La gula


– ¿Le sirvo un poco más de agua de Jamaica, padre?

– eh… si, si hijo, gracias…. Y también un poco más de ese pollito con mole, por favor, es un manjar.

– En seguida padre.

“¡ah, qué rica me sabe esta agua de Jamaica, con este calor que espantaría al mismo diablo! – pensaba el cura, mientras vaciaba de un sorbo otro vaso de Jamaica – Refresca el cuerpo y el alma… En verdad que no se come mejor en ningún otro lugar, que en estas fiestas de pueblo… ¡tantos sabores, tanto amor en un bocado!”

–          Aquí tiene padre.

–          Muchas gracias hijo.

“¡Perdóname Señor! – seguía pensando el viejo sacerdote mientras encajaba con fruición los dientes en aquel  muslo de pollo con mole – perdóname Señor, pero es que son tan pocos los placeres que podemos darnos nosotros, tus indignos servidores… Por supuesto que no es queja, mi dios, no… tú sabes con cuanto entusiasmo atiendo tus asuntos, como si fueran míos. Cada ovejita que logro encaminar a tu redil, cada criatura que bautizo y que engrosa las filas de tu iglesia, cada cabecita traviesa que se encuentra contigo en la santa comunión por primera vez, cada parejita que bajo mi bendición forma una nueva familia en tu seno, señor, ¡claro que son mi alegría y mi razón de ser!   Pero tú sabes mejor que yo cuantas veces no deseé recostar mi cabeza sobre el pecho de la mujer amada  y depositar en él todas mis penas y alegrías. Tú sabes cuantas veces anhelé ver mi rostro reflejado en los ojos de un niño, hecho de mi carne y de mi sangre, que me mire con la misma veneración con la que yo contemplo tu rostro en la oración.  Ahora que soy viejo ya mi único anhelo es que cuando al fin me llames a tu presencia encuentre las puertas del cielo abiertas para mí, y es por eso que cada día más le temo al pecado y a mi debilidad frente a la tentación…”

–          ¿Más molito, padre?

–          ¡Ay hija, está delicioso! Pero no, ya ha sido suficiente…

–          Ándele padre, anímese, mire que lo guisamos para usted, bien sabemos que es su comida favorita.

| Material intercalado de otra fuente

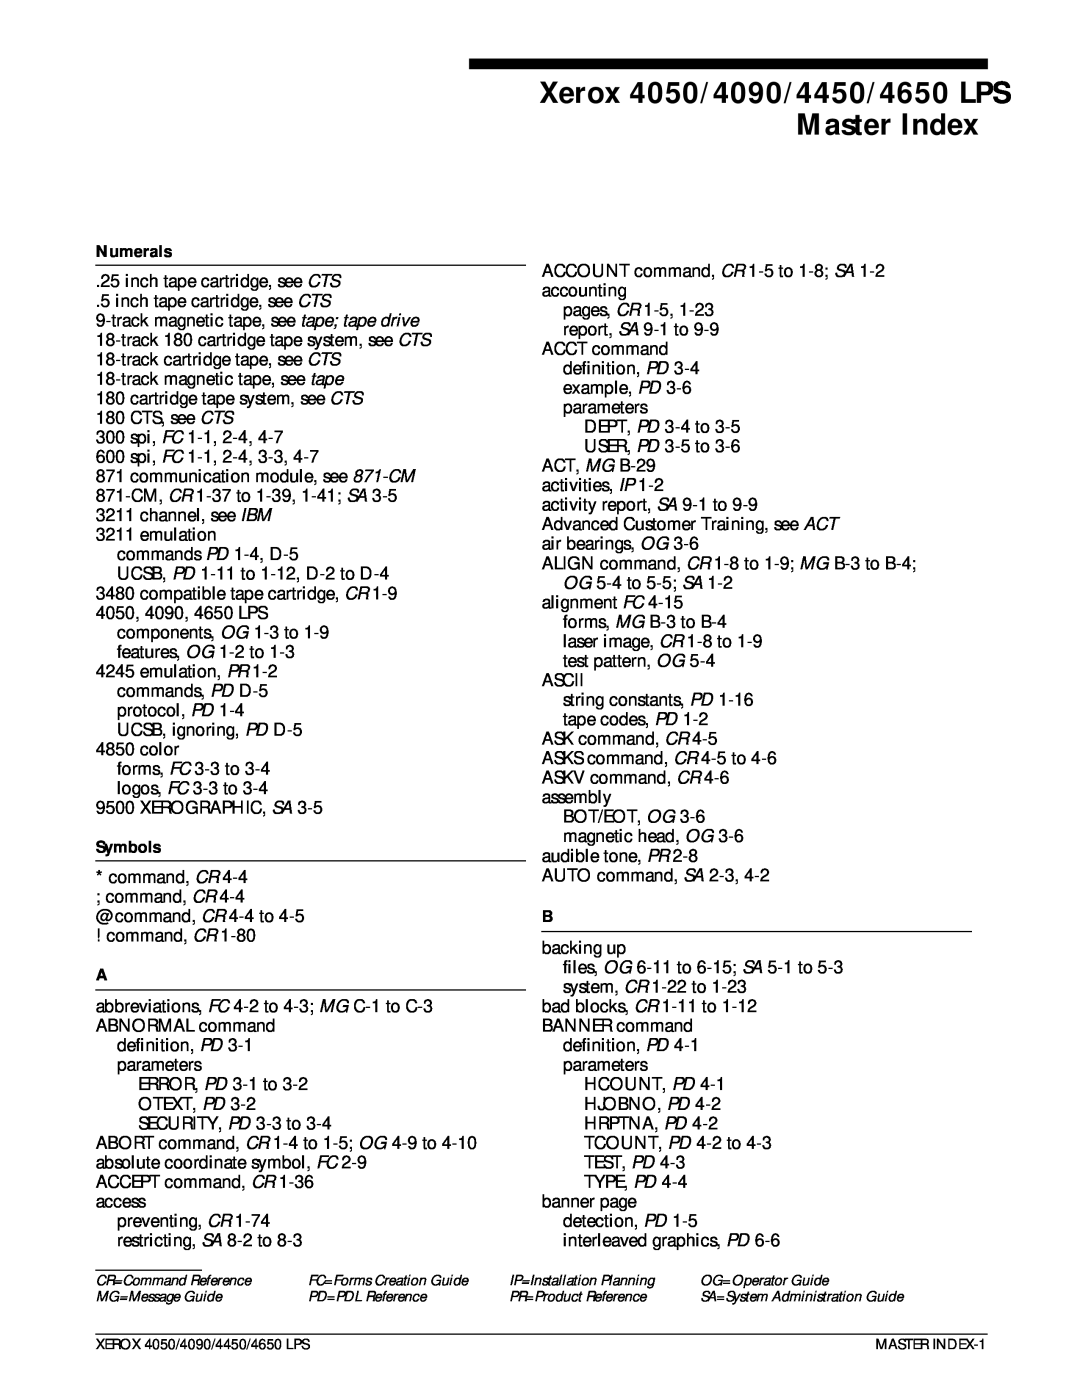 Xerox manual Numerals, Symbols, Xerox 4050/4090/4450/4650 LPS Master Index

–          Bueno… siendo así…

–          ¡Aquí tiene padre!

“¡Ves a lo que me refiero señor! Bueno, ni hablar. He caído en la tentación y por eso desde mañana ayunaré un mes en penitencia…”

–          ¡Padre! –Lo saludó una alegre joven.

–          Hija, que gusto verte, has vuelto de la ciudad ¿estás de vacaciones?

–          No, padre, por fin he terminado mis estudios, vengo a poner mi clínica aquí en el pueblo  y mañana después de la misa de 12.00 me harán en casa una fiesta de bienvenida. Padre, no puede usted faltar ¡tengo tanto que agradecerle!

–          Por supuesto hija, ahí estaré…

“Ah como te decía Señor – siguió pensando el padre-  he caído en la tentación y por eso desde pasado mañana ayunaré un mes en penitencia…”

Paola R. (Comentarios Bienvenidos!!!!)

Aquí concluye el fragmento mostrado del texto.